- Data shown

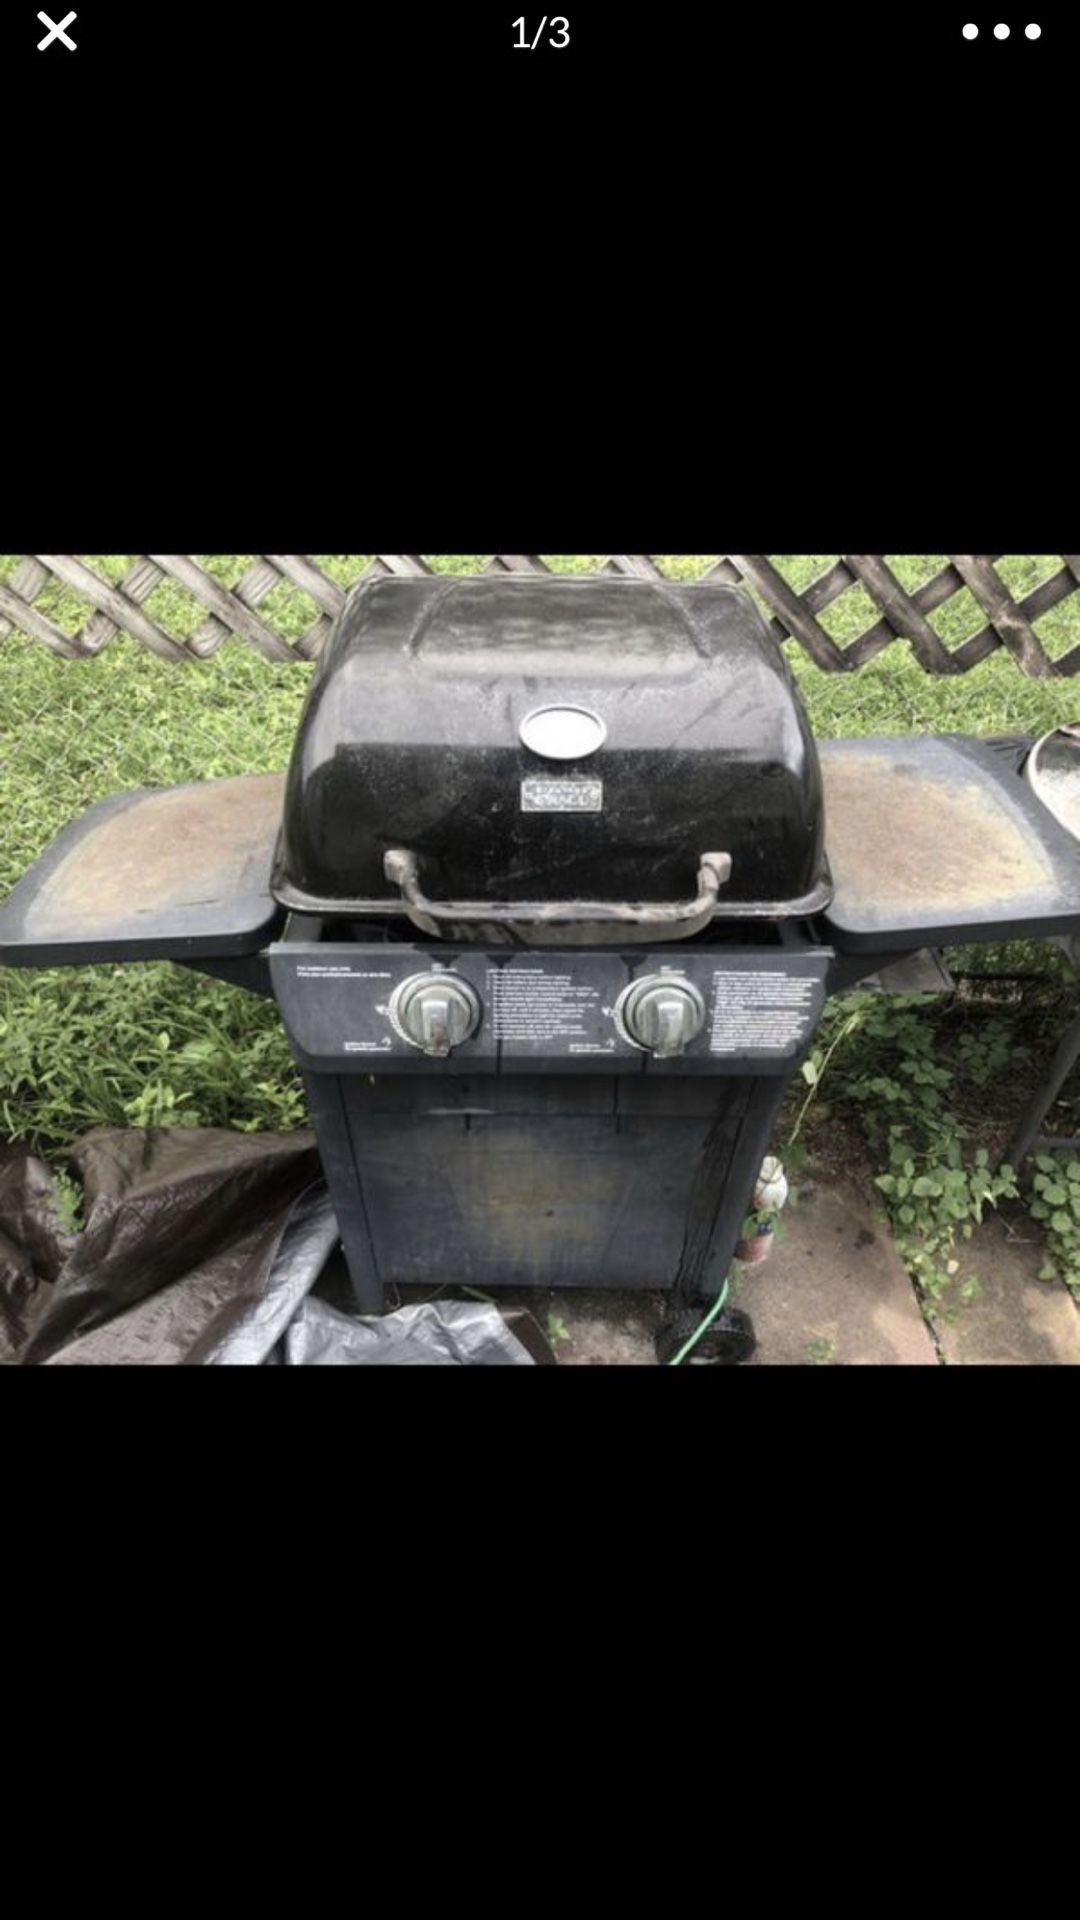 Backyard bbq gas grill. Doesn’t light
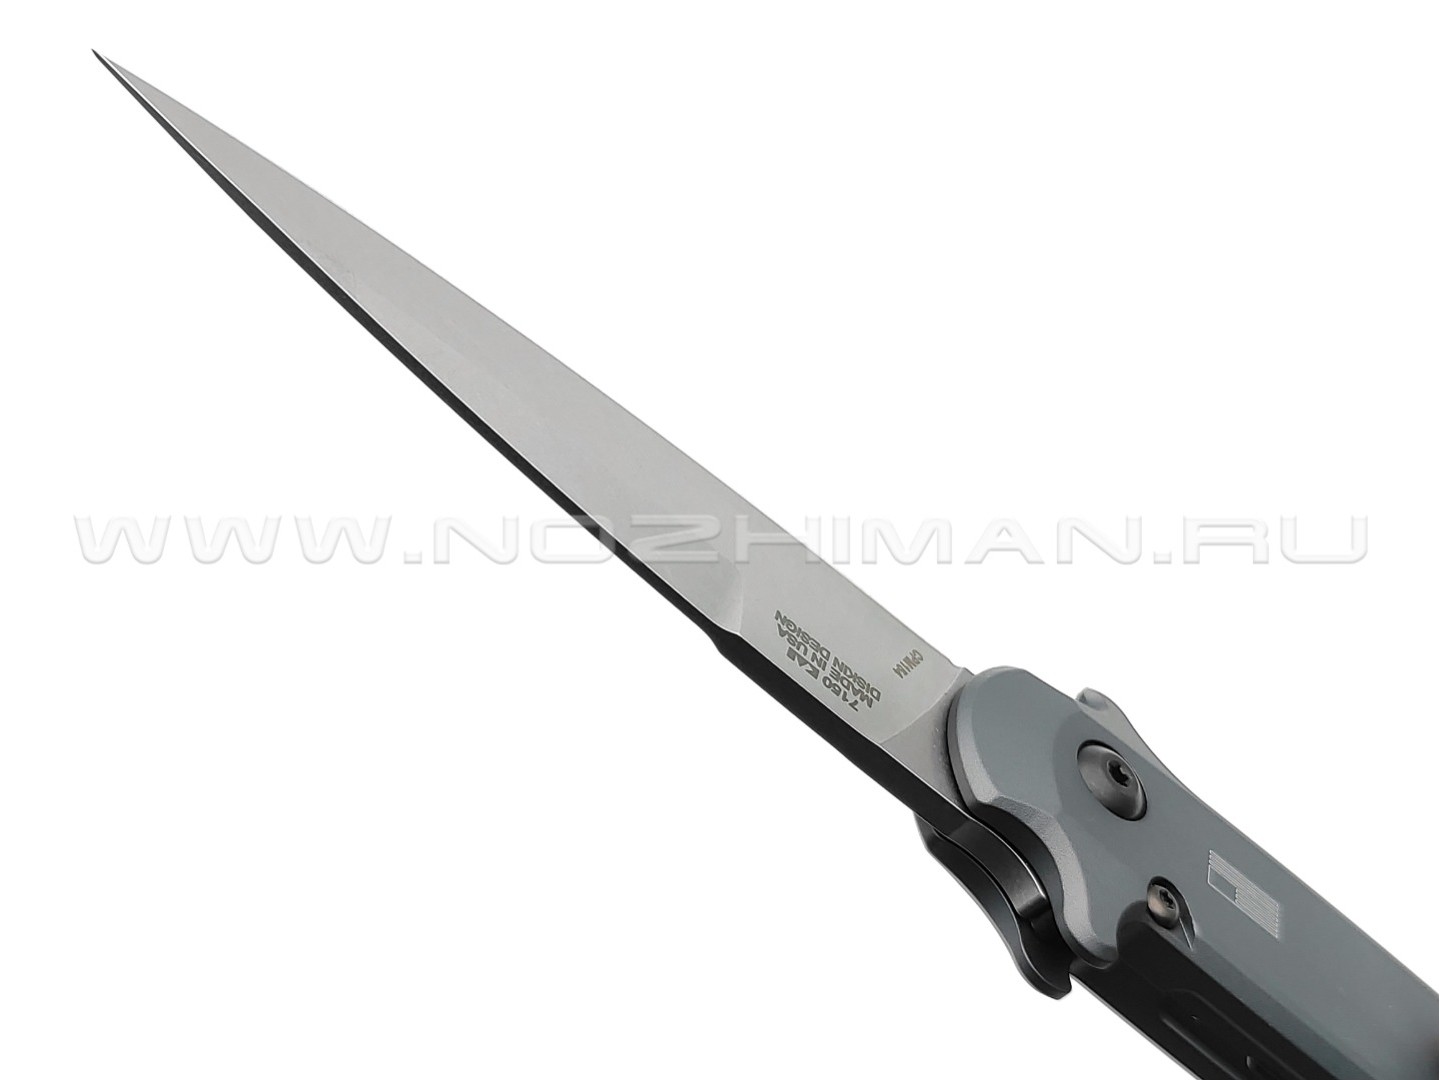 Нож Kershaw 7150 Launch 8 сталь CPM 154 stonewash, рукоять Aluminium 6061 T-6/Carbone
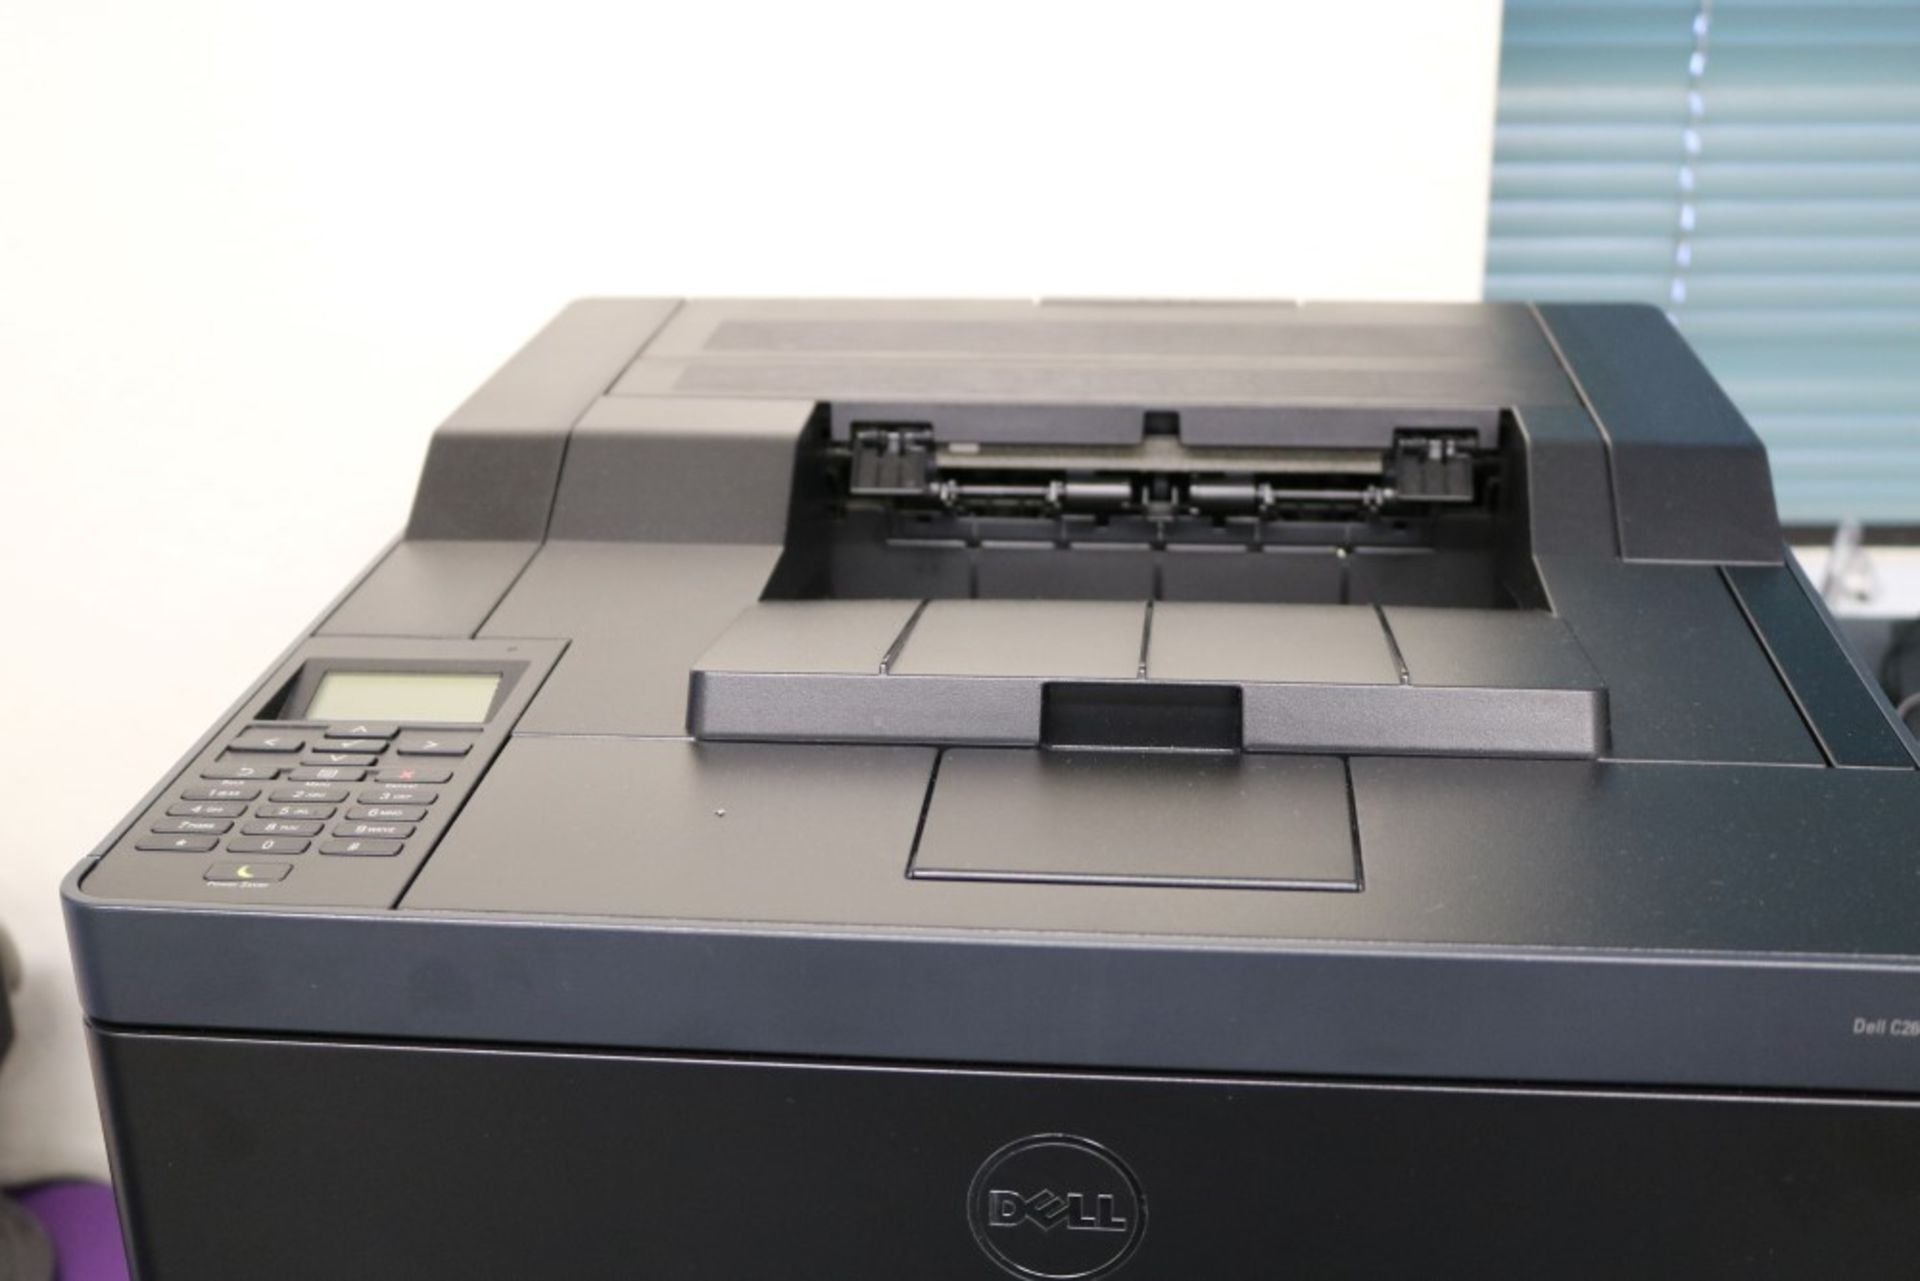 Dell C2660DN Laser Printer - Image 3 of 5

- Exercise description
Return an exact transcription of the material, with its pictures left out.

- Result of the task
 Backyard bbq gas grill. Doesn’t light
 Нож Kershaw 7150 Launch 8 сталь CPM 154 stonewash, рукоять Aluminium 6061 T-6/Carbone
 Dell C2660DN Laser Printer - Image 3 of 5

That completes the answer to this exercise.